Regarding plaintiffs’ slack fill-like claims (where a defendant is alleged to have understated the amount of CBD in their CBD products), at least one company has argued that plaintiffs have not suffered a cognizable injury because CBD is a naturally occurring nutrient subject to the FDA’s “80% Safe Harbor” rule.  In other words, even if there are discrepancies between the actual CBD content in their products and their marketing claims, plaintiffs have not been injured because any such discrepancies fall within the 20% tolerance allotted for naturally occurring nutrients, like CBD.

  • No standing to pursue injunctive relief:  In most federal jurisdictions, a consumer cannot plead a threat of imminent injury—and thus, cannot satisfy Article III standing for seeking injunctive relief—when challenging allegedly misleading labeling, as he cannot be “fooled twice” by a misleading claim about which he now knows the truth.  Thus, if a consumer claims he has learned that CBD consumables are not approved by the FDA to be marketed as “drugs,” he cannot credibly allege that he faces the risk of making the same mistake the next time he considers buying them—particularly when the plaintiff’s own complaint alleges the FDA has declined to approve any such products for those purposes.  Even in the Ninth Circuit—where a previously misled plaintiff can pursue injunctive relief if he alleges he would be interested in rebuying the product if the labeling representations were truthful but has no way of knowing whether they are true or not—a plaintiff would struggle to plausibly assert such allegations as to CBD products.
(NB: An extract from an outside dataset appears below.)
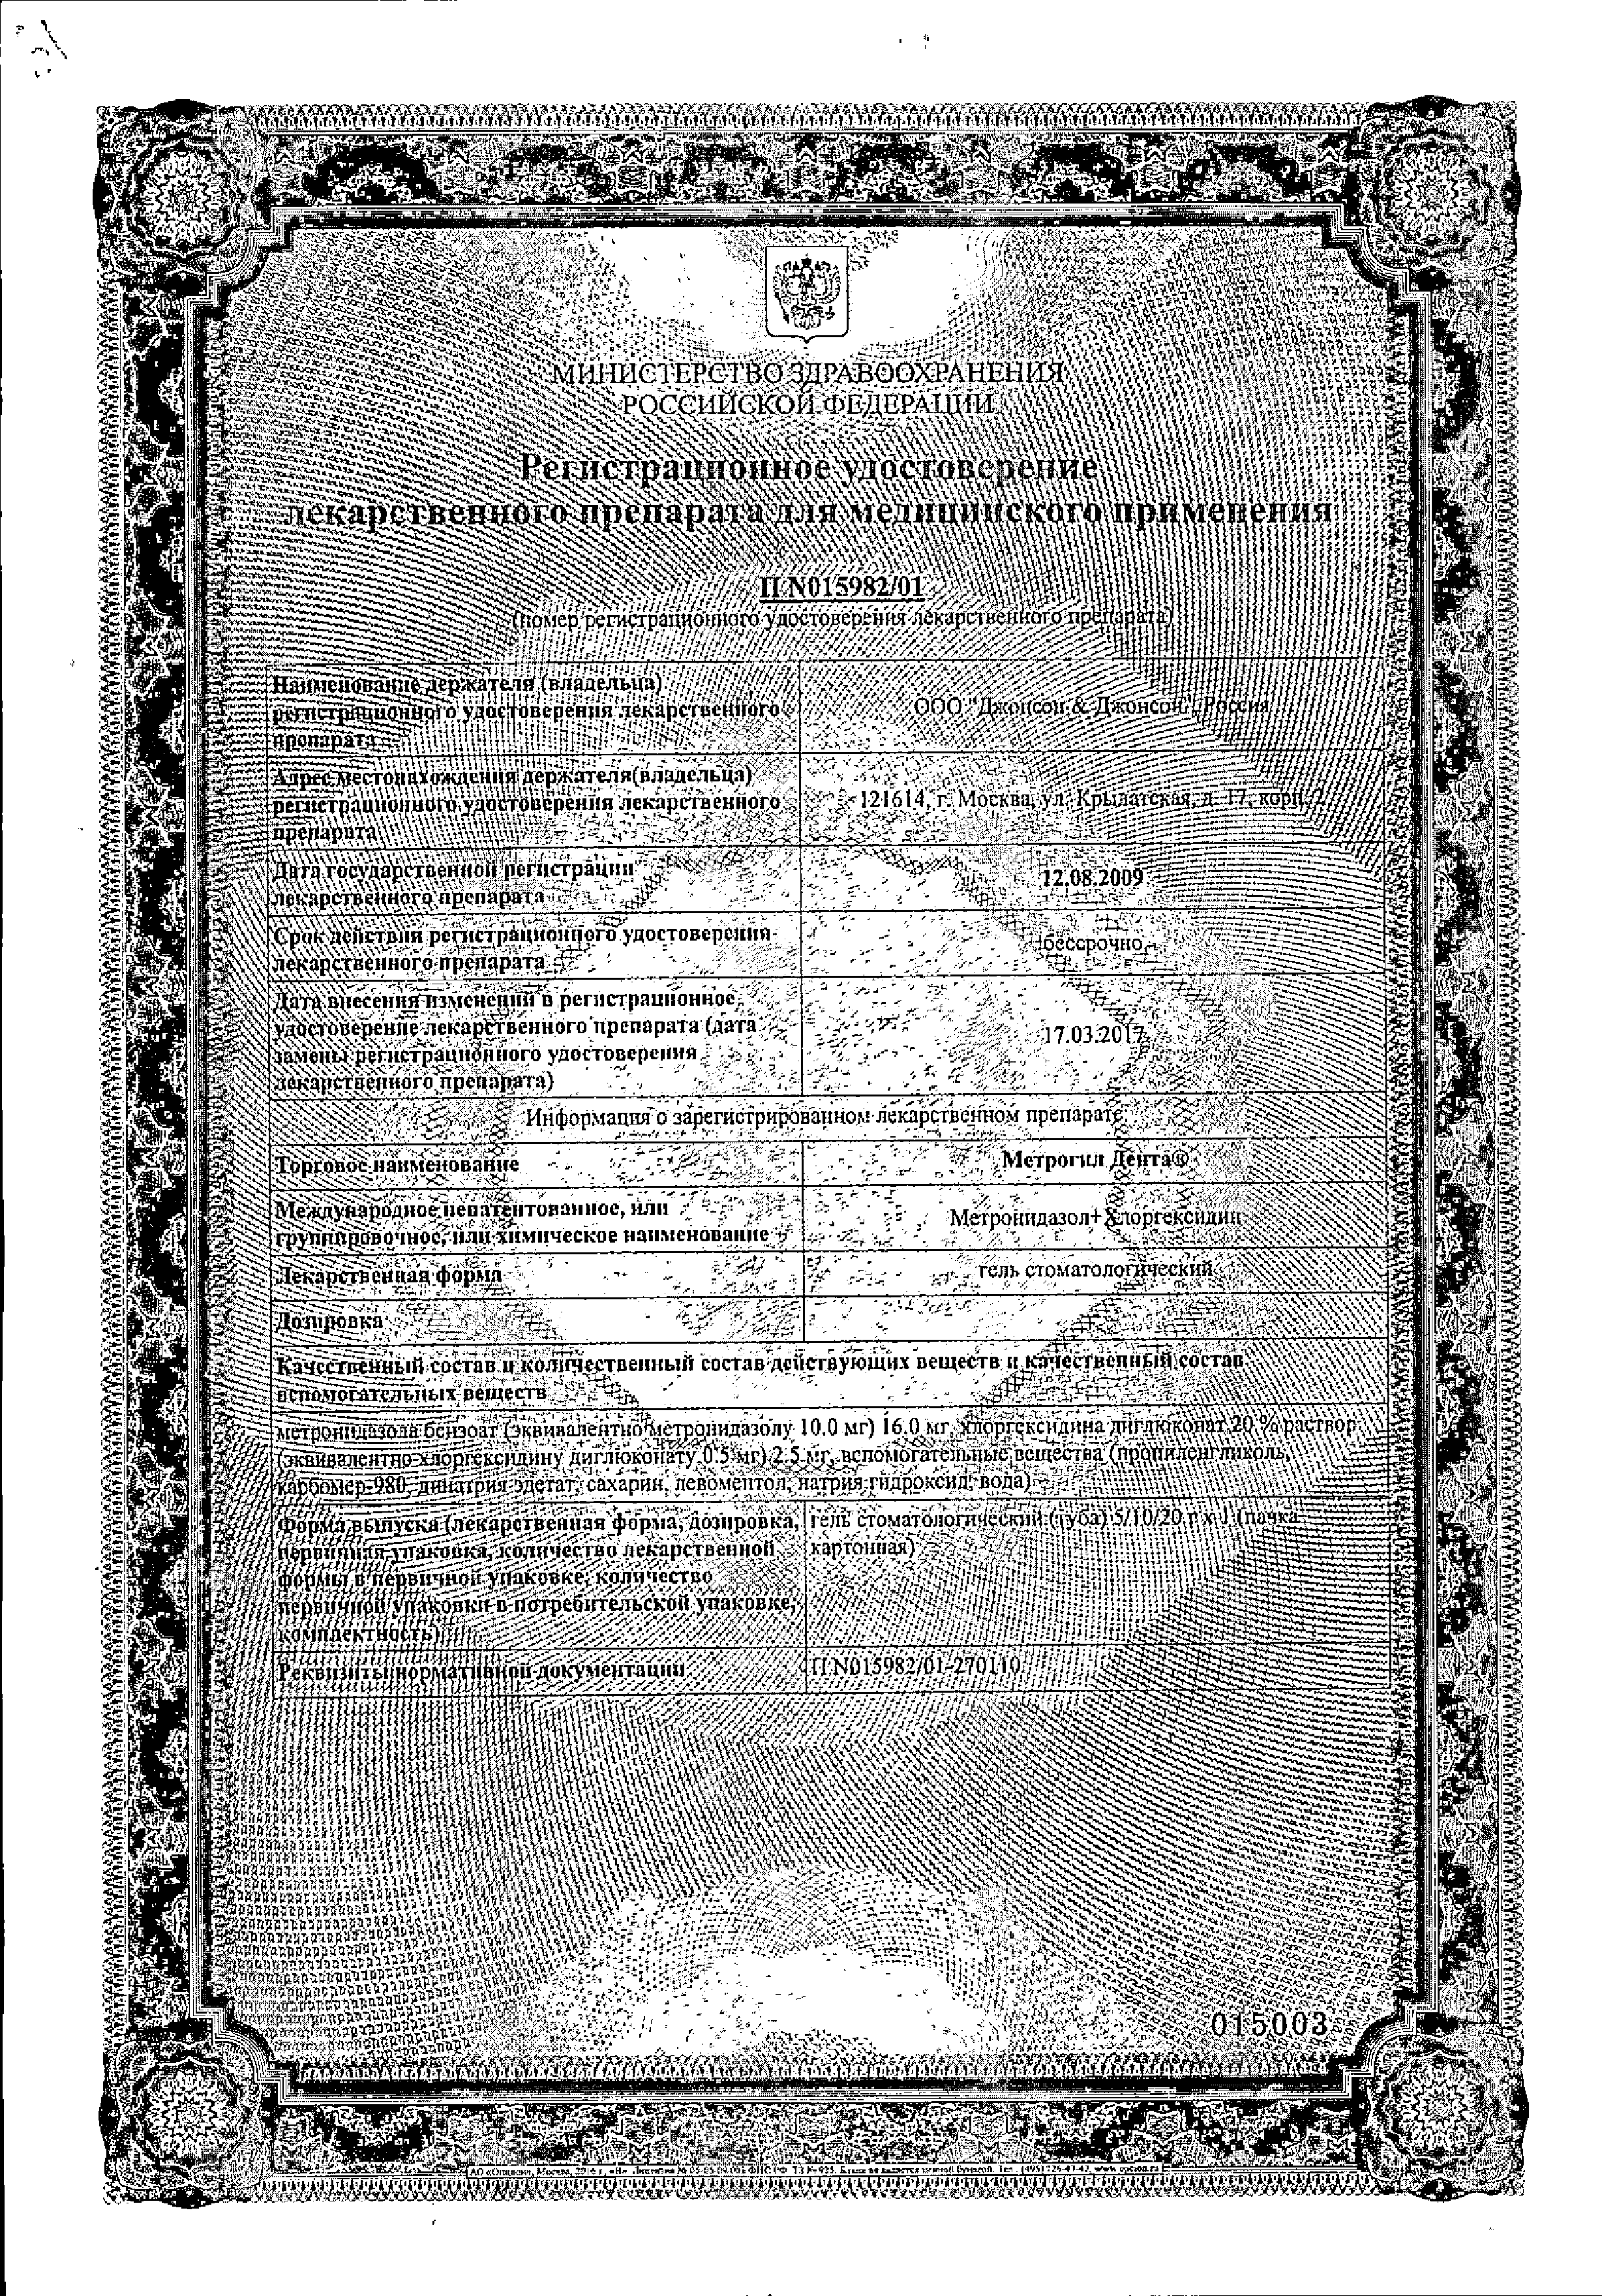 Метрогил Дента сертификат

  • No standing to challenge unpurchased products:  Even assuming a claim could be stated as to products plaintiffs personally purchased, defendants can argue that standing is lacking to pursue claims as to other CBD products the plaintiffs did not purchase.  Many courts apply a “substantial similarity” test to determine whether standing exists as to claims for unpurchased products.  But given the variety among the different types of CBD products and the advertising claims manufacturers may make about each (e.g., relaxes your dog, helps you sleep, reduces anxiety, relieves pain), the products frequently are too different in material ways to permit a non-purchaser to pursue mislabeling claims as to them all.  For example, the Snyder court (although it did not apply the “substantial similarity” test) held that the plaintiffs did not have standing to bring claims premised on the marketing of CBD products that they had not purchased because they had suffered no injury-in-fact with respect to those products.  Snyder, No. 0:19-CV-62342-UU, 2020 WL 42239, at *3.

Thus, while the emergence of these lawsuits is an unwelcome development for manufacturers of CBD products, there are numerous points of attack to swat down or substantially narrow plaintiffs’ claims.  If history is any guide, the FDA’s efforts to finalize regulations for CBD products will not be an overnight process.  In the meantime, companies will need to ensure they are prepared to defend these types of challenges to the marketing and sale of their CBD products.